Мама, когда ей нужно было выйти в какую-нибудь контору, всегда начинала страшно злиться. И часто брала меня с собой. Если она чего-то не понимала, я был тут как тут.
Зеленка нас выручала не раз. Когда я всадил себе в ногу полтопора в гараже, и еще по мелочи. Здесь по зеленым лицам и ногам врачи сразу наших вычисляют. В зеленке – значит, русский. Почему-то ее тут не продают, а ведь она реально полезная. Вон у Руплы только так ее юзают, по любому поводу.
Когда мы остались без мамы, я не доставал зеленку. Пузырек просто стоял в душевом шкафчике.
* * *
Пушкина я выкопал в мамином шкафу. Это была единственная книжка на русском языке в нашем доме. А тряпку с маками нашли возле ее сумки, которая осталась лежать на берегу. Вместе с юбкой, тоже в красных маках. У нас в округе цветы попроще – ромашки, иван-чай. А она любила, чтобы большие и яркие. И пахучие. Там были еще какие-то вещи. Толстое махровое полотенце. Бутылка воды. Я слышал, что кошелька и документов в сумке не нашли. Спасатели переговаривались, может, взял кто с места происшествия. Но здесь мало кто ходит, тихий район.
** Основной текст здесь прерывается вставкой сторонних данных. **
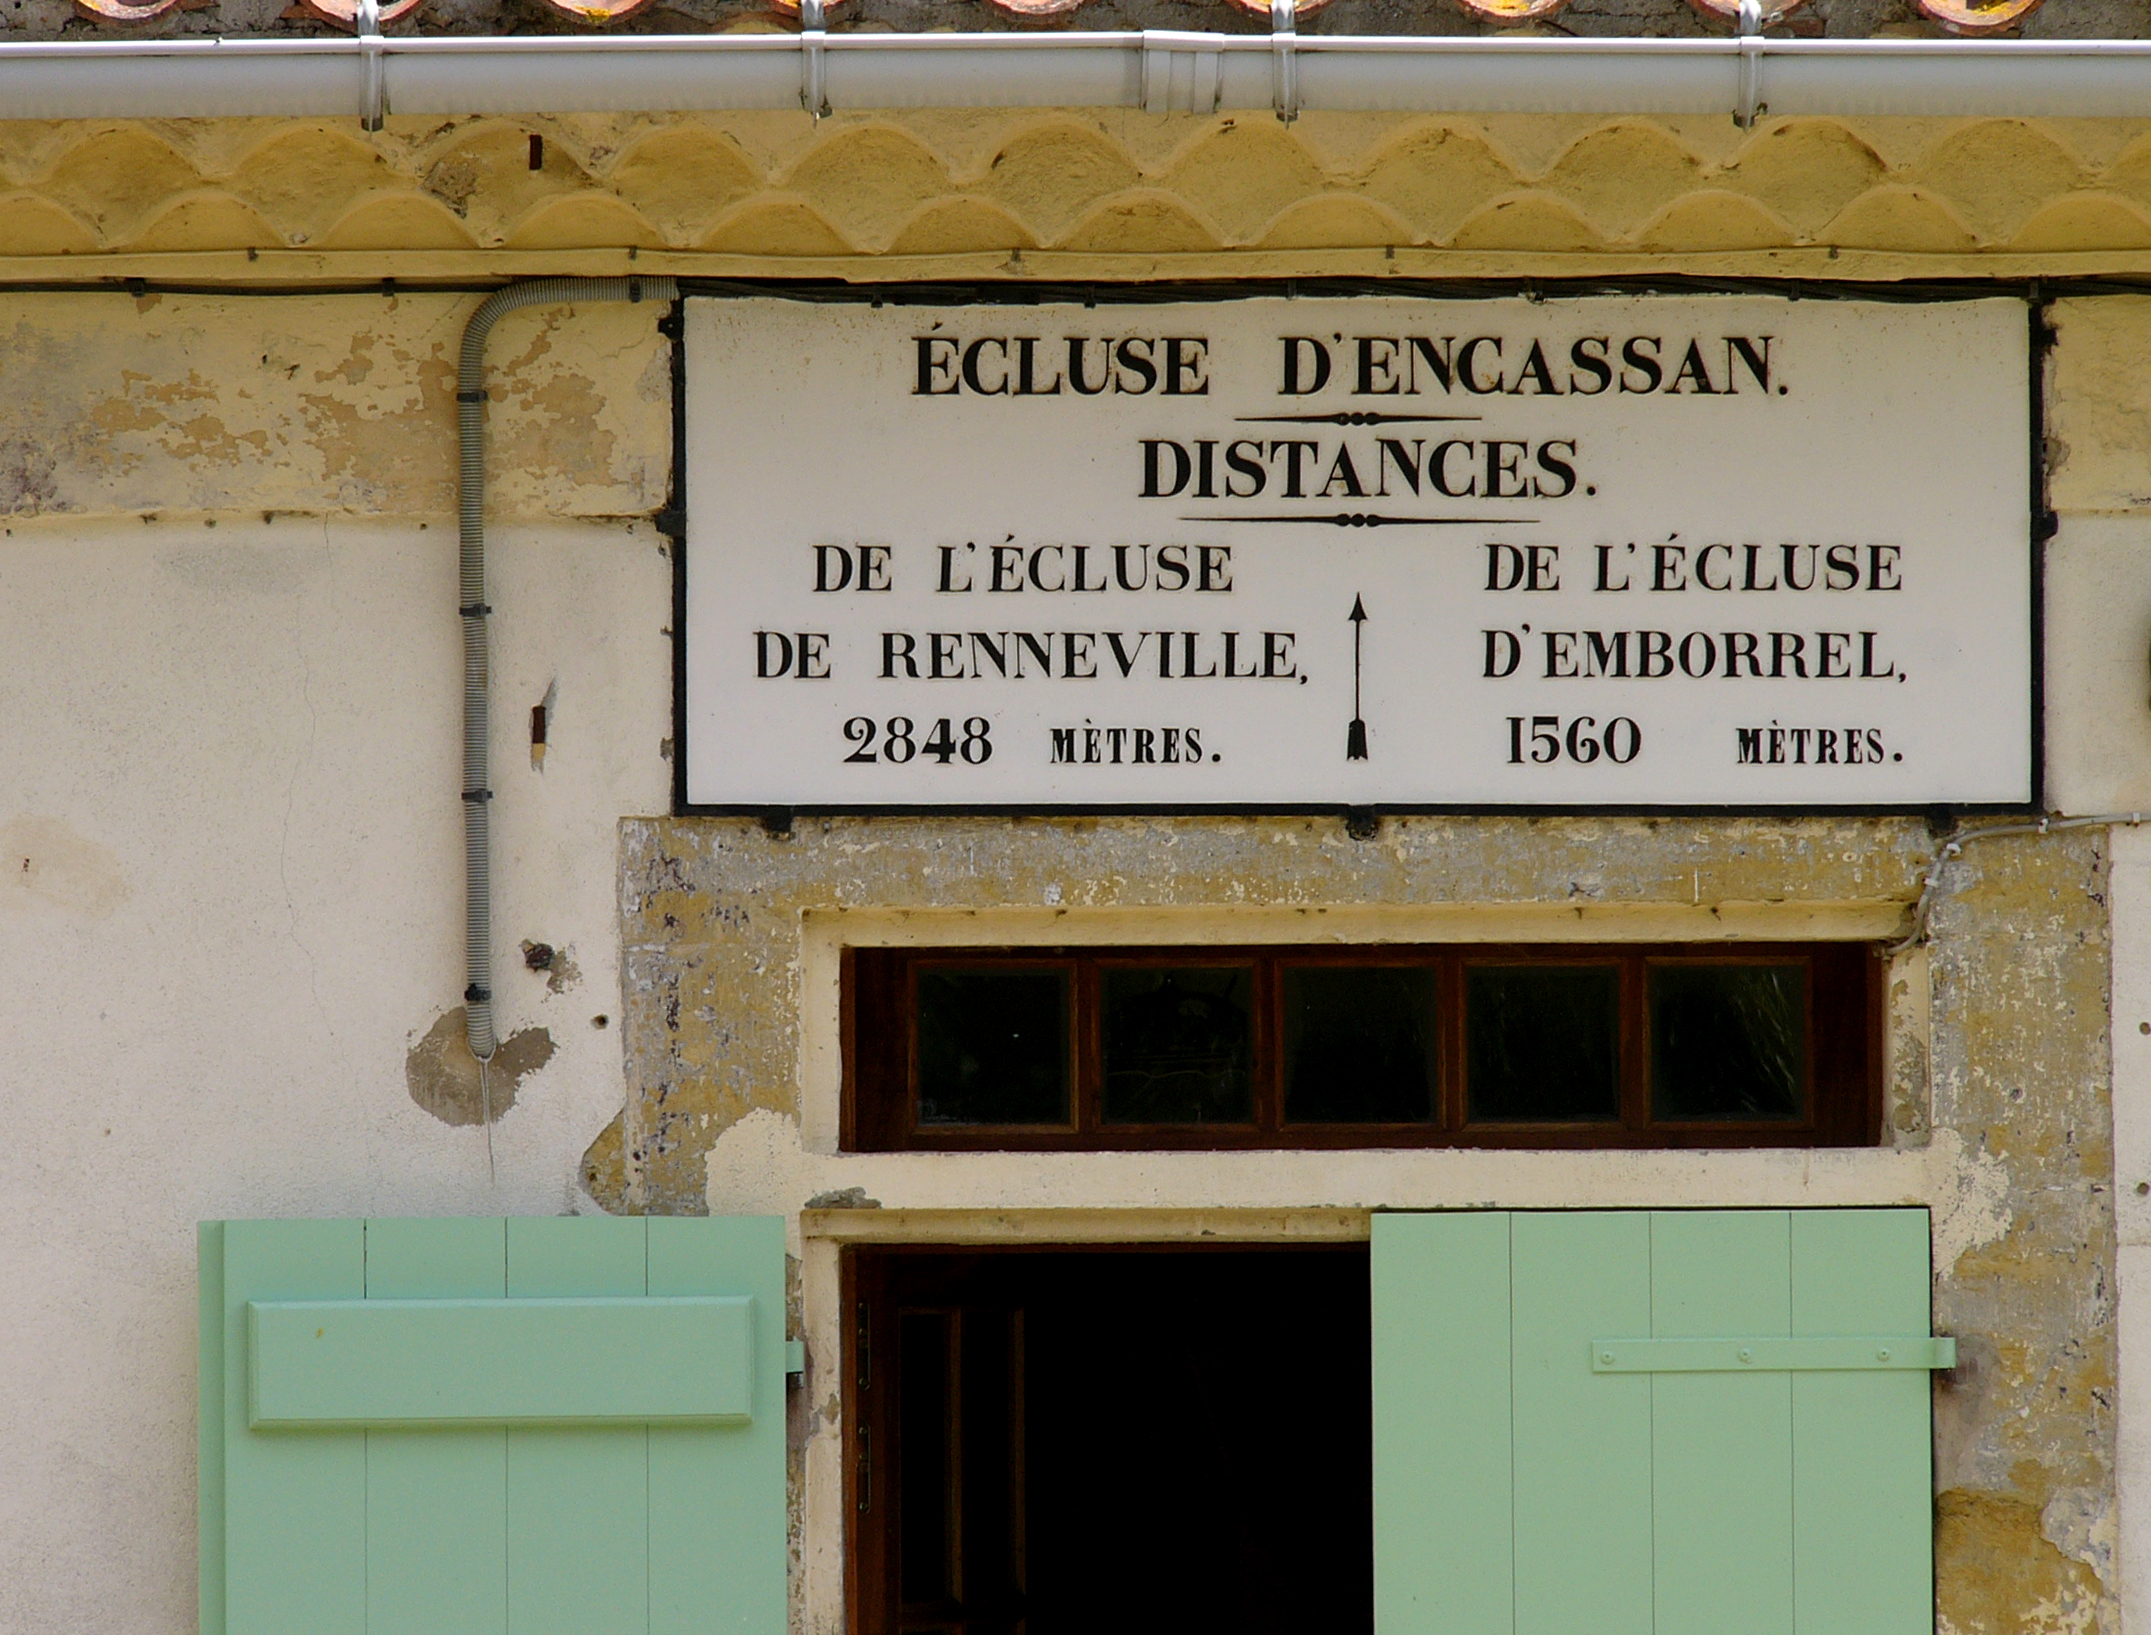 Encassan Lock - Canal du Midi.jpg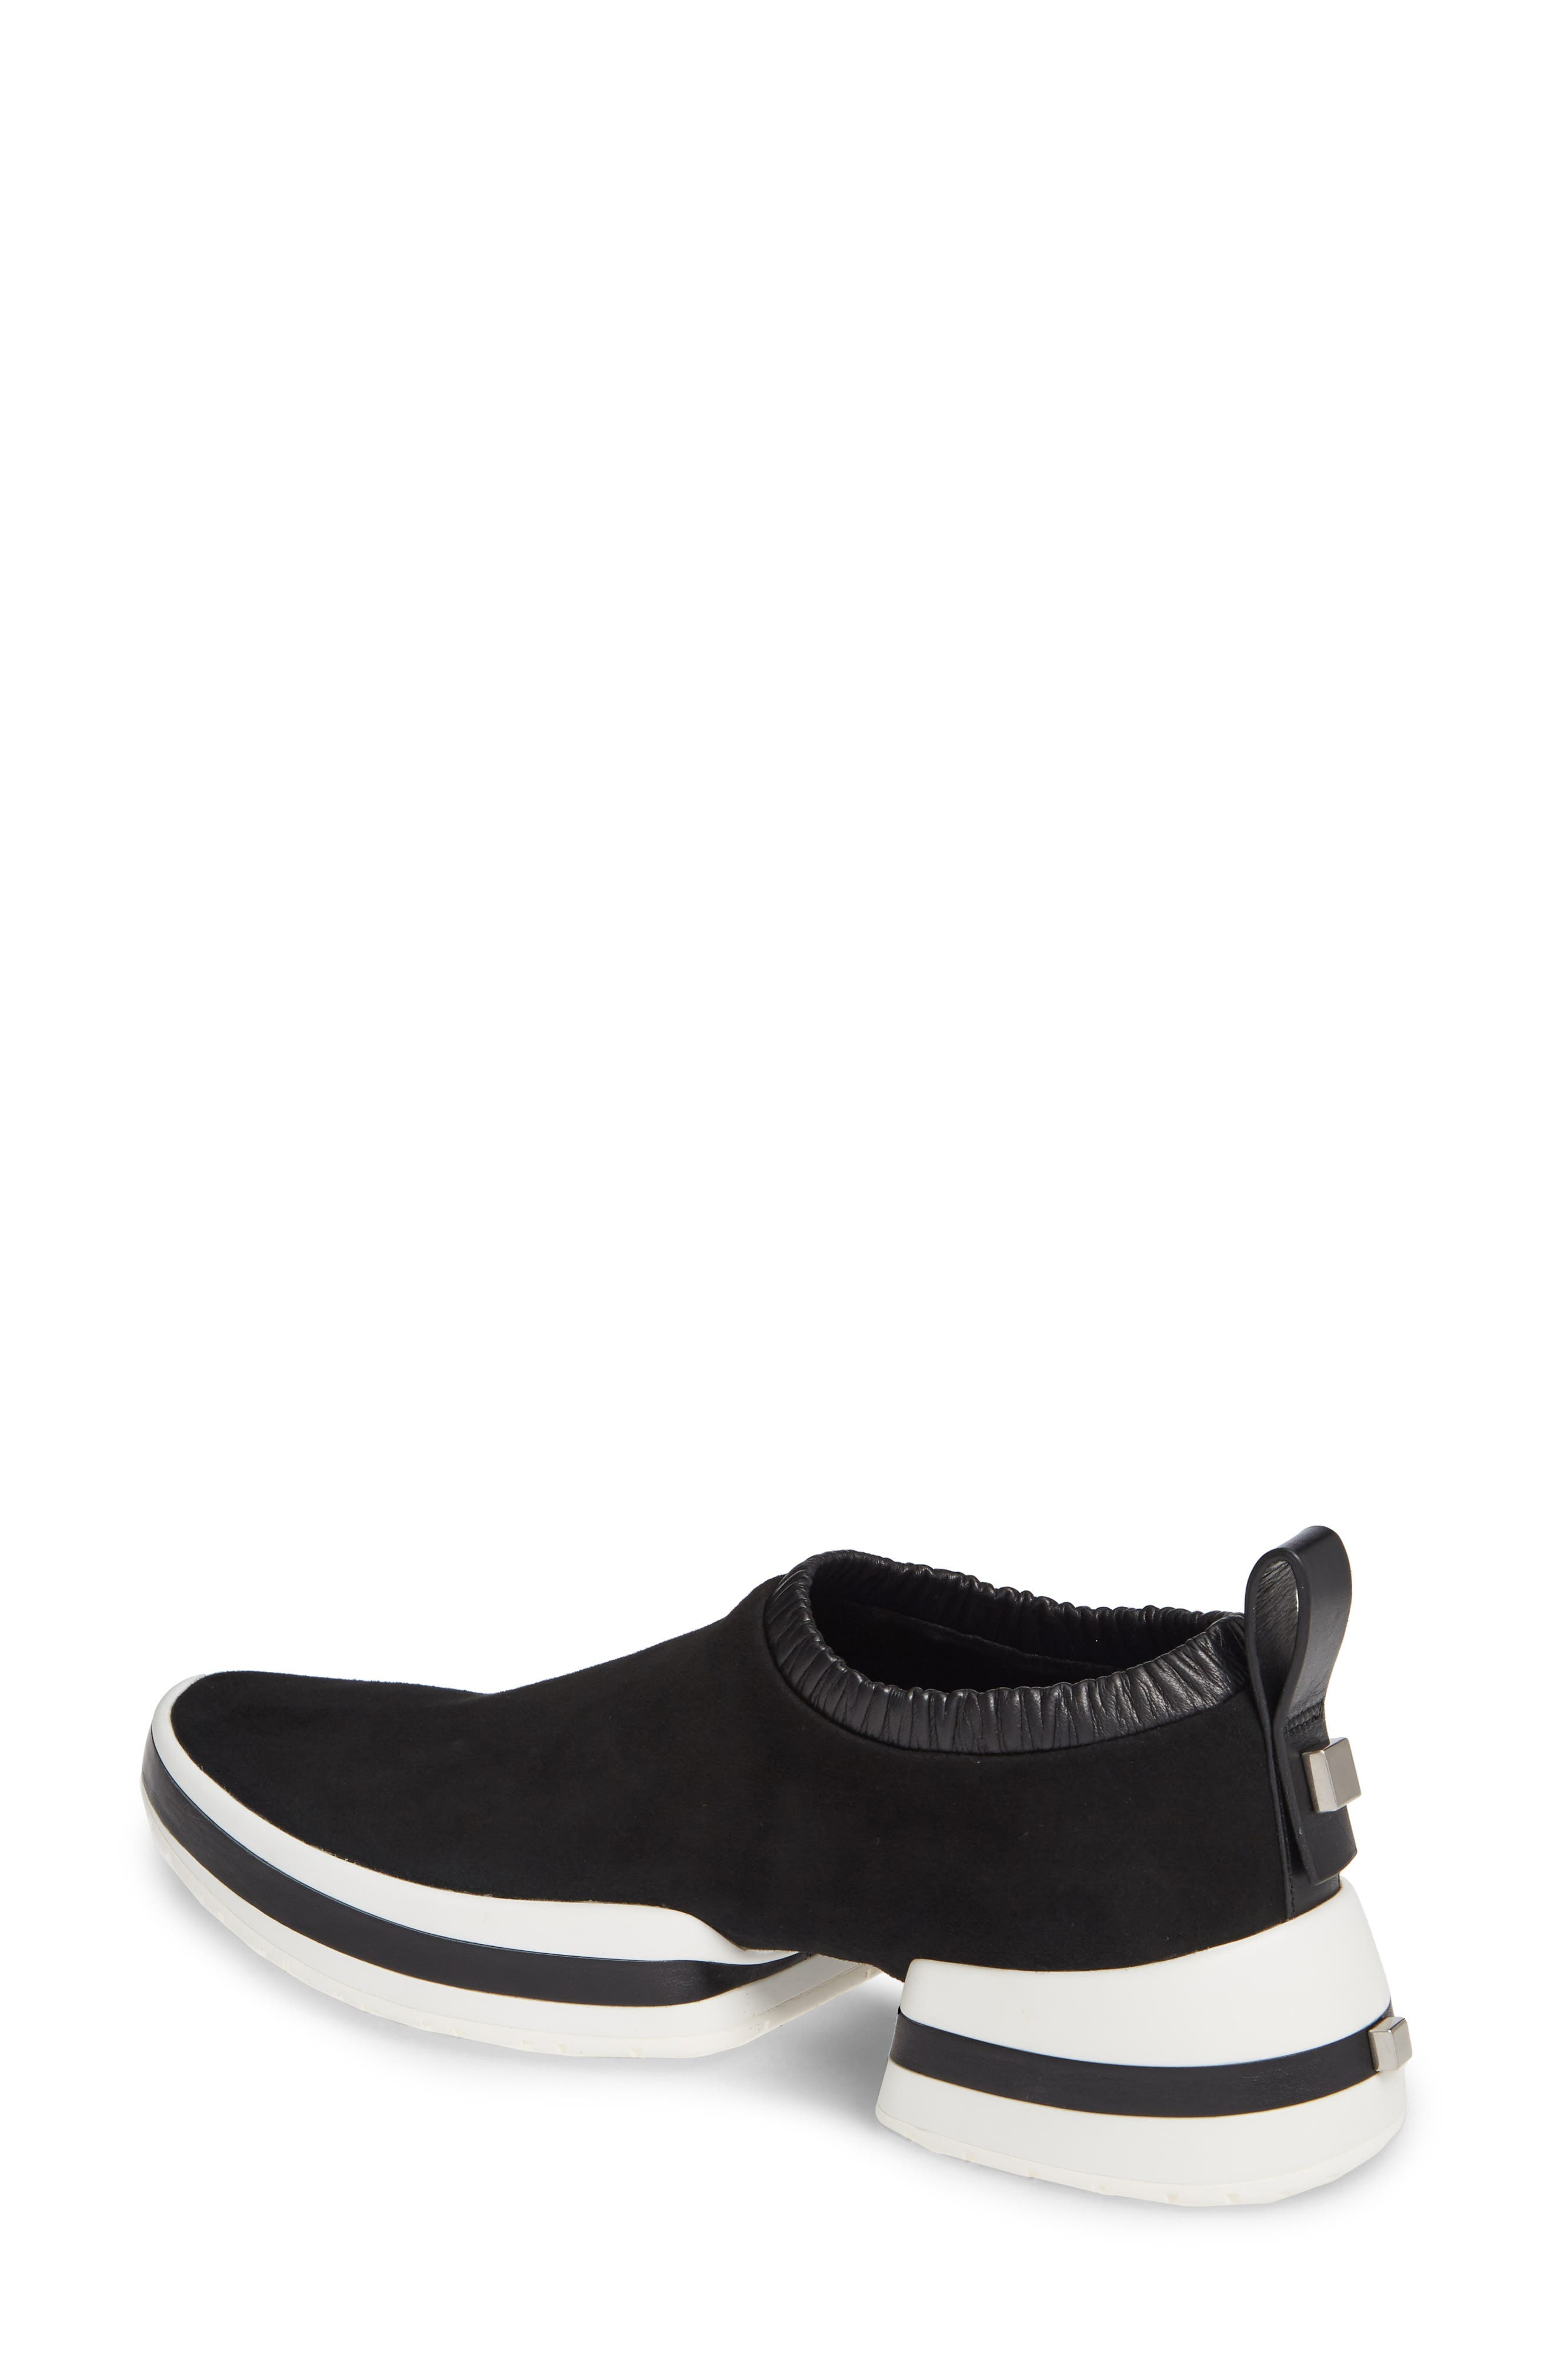 612 Sneaker,                             Alternate thumbnail 2, color,                             BLACK SUEDE

Эта ее тяга к уединению. У нас давно было заведено: я ухожу гонять с Руплой, а она идет к реке загорать и купаться. От дома это два шага. Не два, конечно, но идти минут пятнадцать. Наш район упирается в лесок. Проходишь дальше по тропинкам – наткнешься на пляж. Речка, как специально, делает петлю, а может, первые поселенцы вырыли тут себе запруду. Но если не хочешь вместе со всеми сидеть на пляже, тоже не беда – речка длинная. Вдоль берега есть немало мест, где можно примоститься под кронами. Никто тебя не потревожит. Валяйся, купайся один, раз уж так тебе взбрело в голову. А можешь даже и рыбу поудить, таких любителей тоже хватает.
Река у нас довольно мелкая и холодная, с бурным течением. Спасатели прочесывали дно. Я слышал, что они говорили. Говорили, что утонуть тут сложно. Чтоб ни за что не зацепиться. Чтоб не прибило к берегу. Один спасатель думал, что я не понимаю, и делал намеки: мол, зря ищем, искать нужно вообще в других местах.
Я знал, к чему он клонит. И за эти намеки мне хотелось его убить.
Хорошее тогда выдалось лето, жаркое. Пару раз я видел, что к маме, в эту ее прятку под деревьями, подваливает один неприятный крендель. У кренделя выделялась надутая верхняя губа. От этого меня не покидало ощущение, что маленькие щекотные усики у него торчат не только наружу, но и внутрь.
Они болтали, а мама смеялась высоким голосом. Жмурилась, улыбалась одной стороной рта, показывала свой остренький клычок. Она всегда так делала, когда к нам заходил кто-то посторонний.
Крендель тоже жмурился, прятал в густых ресницах маленькие глазки, похожие от этого на репейники, что-то мурчал. Завидев меня, он ничуть не смутился. Легко коснулся виска пальцами, сложенными в конфигурацию «чурики». И выдал мне с ходу на ломаном русском: «Кадела?» И бочку бессвязной ругани, почти без акцента, чем очень насмешил маму. Мне за такое она влепила бы подзатыльник. Но крендель же взрослый, ему можно.
«Кадела». Вот упырь. Думает, это прикольно – сказать пару нехороших слов на русском. Придурок.
– Ну, где твой Рупла сегодня? Когда надо, его нет. Давай, прокатись с ним, чего же ты? Ты же хотел с ним сегодня прокатиться, – неожиданно сказала мама.
Ничего такого я ей не говорил. Но развернулся и поехал до Руплы. Он вскоре должен был уехать на месяц к родне в Россию. Мы решили сгонять до «Макдоналдса», взять по молочному коктейлю. Я поехал попросить у мамы денег.